Metadata-Version: 2.4
Name: adv_optm
Version: 0.1.6
Summary: A family of highly efficient, lightweight yet powerful optimizers.
Home-page: https://github.com/Koratahiu/Advanced_Optimizers
Author: Koratahiu
Author-email: hiuhonor@gmail.com
License: Apache 2.0
Keywords: llm,fine-tuning,memory-efficient,low-rank,compression,pytorch,optimizer,adam
Classifier: Programming Language :: Python :: 3
Classifier: License :: OSI Approved :: Apache Software License
Classifier: Operating System :: OS Independent
Classifier: Topic :: Scientific/Engineering :: Artificial Intelligence
Classifier: Topic :: Software Development :: Libraries :: Python Modules
Requires-Python: >=3.8
Description-Content-Type: text/markdown
License-File: LICENSE
Requires-Dist: torch>=2.0
Dynamic: author
Dynamic: author-email
Dynamic: classifier
Dynamic: description
Dynamic: description-content-type
Dynamic: home-page
Dynamic: keywords
Dynamic: license
Dynamic: license-file
Dynamic: requires-dist
Dynamic: requires-python
Dynamic: summary

# Advanced Optimizers

This repo introduces a new family of highly efficient, lightweight yet powerful optimizers, born from extensive research into recent academic literature and validated through practical training runs across diverse models.

---

### Install

`pip install adv_optm`

---

### Theory (Inspired by SMMF)

Based primarily on:  
**[SMMF: Square-Matricized Momentum Factorization for Memory-Efficient Optimization](https://arxiv.org/abs/2412.08894)**

The core innovation:
- Uses fast, non-negative matrix factorization (NNMF - rank 1), but **reconstructs the full state before each update** to preserve momentum accuracy, then re-factors afterward (factor → reconstruct → update → factor cycle).
- For the *signed first moment*, we split into **sign + absolute value**:
  - Sign is stored as **1-bit state** via bitwise ops (SMMF originally used 8-bit with 7 bits wasted).
  - Absolute value goes through the factor/reconstruct cycle using two factored vectors + the signed state.
- Final storage: **four factored vectors + one 1-bit sign**.
- Updates behave like full-state Adam but with drastically reduced memory.
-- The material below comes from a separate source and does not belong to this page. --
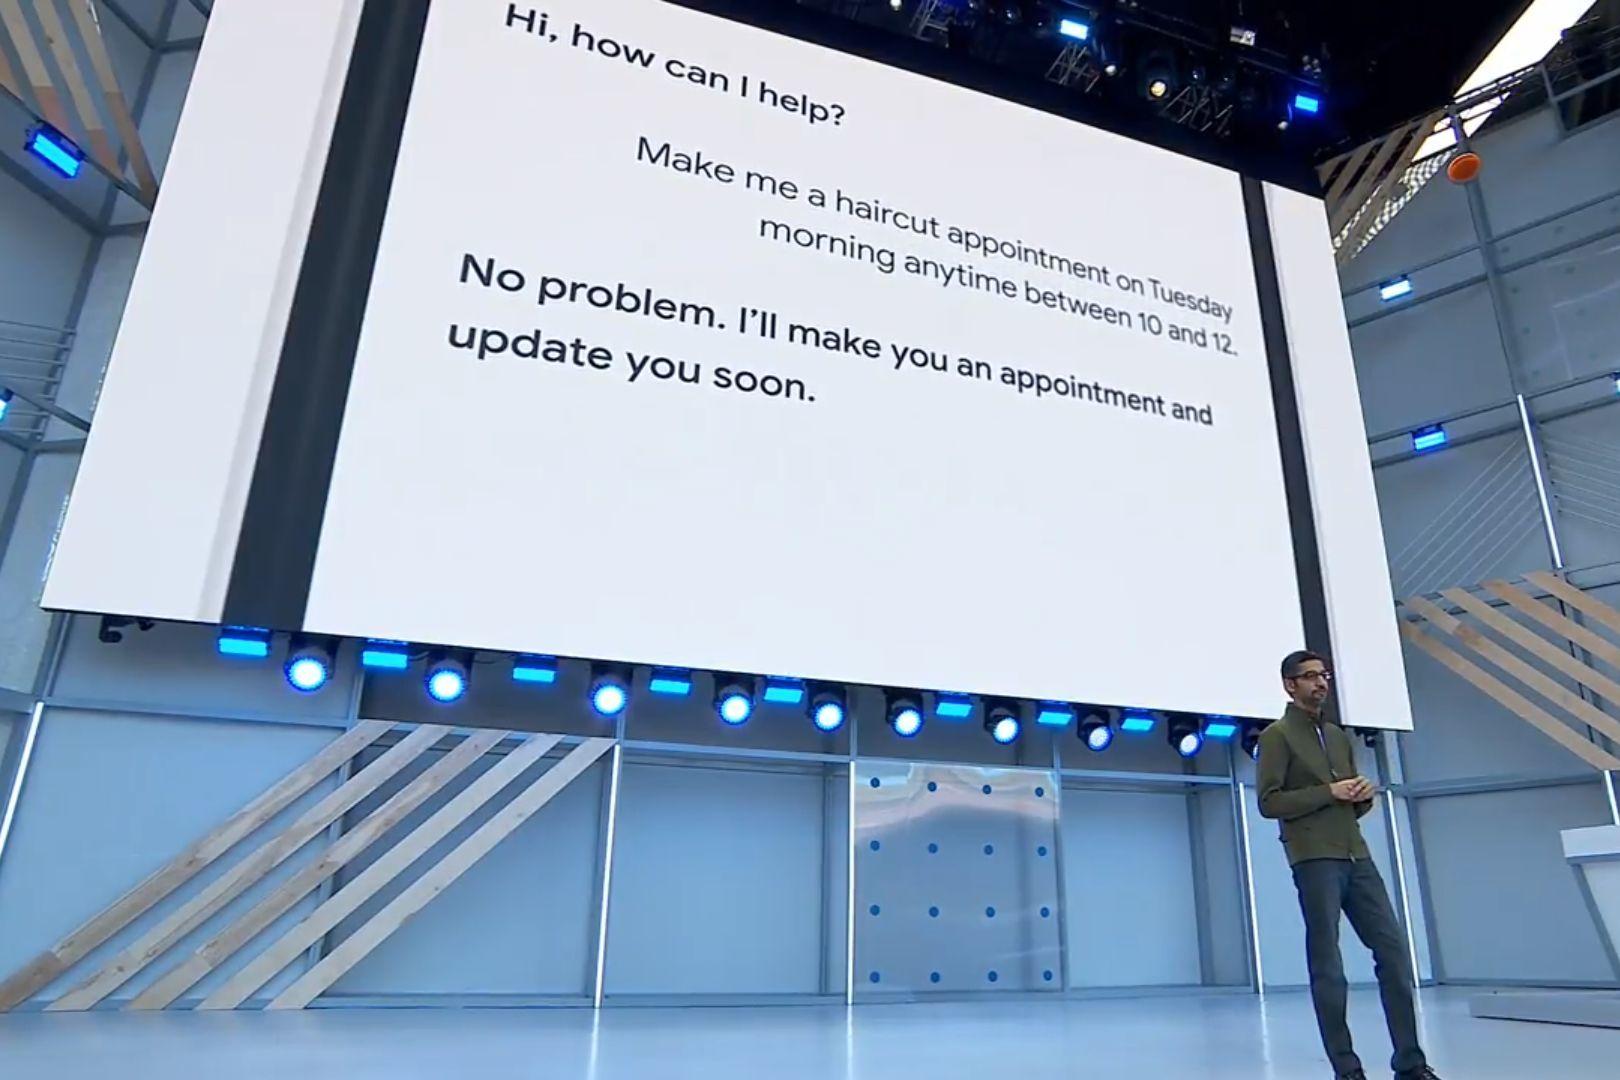 Google Asistent na Google I/O 2018

> ✅ **TL;DR**: Lightweight, strong, memory-efficient optimizer.

---

### Memory Cost

- **Adopt_Factored** for full SDXL finetune: **328 MB** (4 small vectors + 1-bit state)
- **Adopt_Factored with AdEMAMix** for full SDXL finetune: **625 MB** (6 small vectors + two 1-bit states)
> SDXL is 6.5GB model.

---

### ⏱️ Speed (my tests in SDXL - BS 4)

- **Adopt_Factored**: ~10s/it
- **Adopt_Factored with AdEMAMix**: ~12s/it
- **Adafactor**: ~8.5s/it  
→ Overhead from compression/reconstruction cycles.
→ It's faster than [MLorc](https://arxiv.org/abs/2506.01897) (~12s/it), which uses RSVD compression, and should be the fastest momentum compression (AFAIK).

---

### 📈 Performance

- **Better than Adafactor, and CAME factorzation methods**
- **Comparable or identical to Adam** (see SMMF paper results)

---

### Available Optimizers (all support `Factored` toggle)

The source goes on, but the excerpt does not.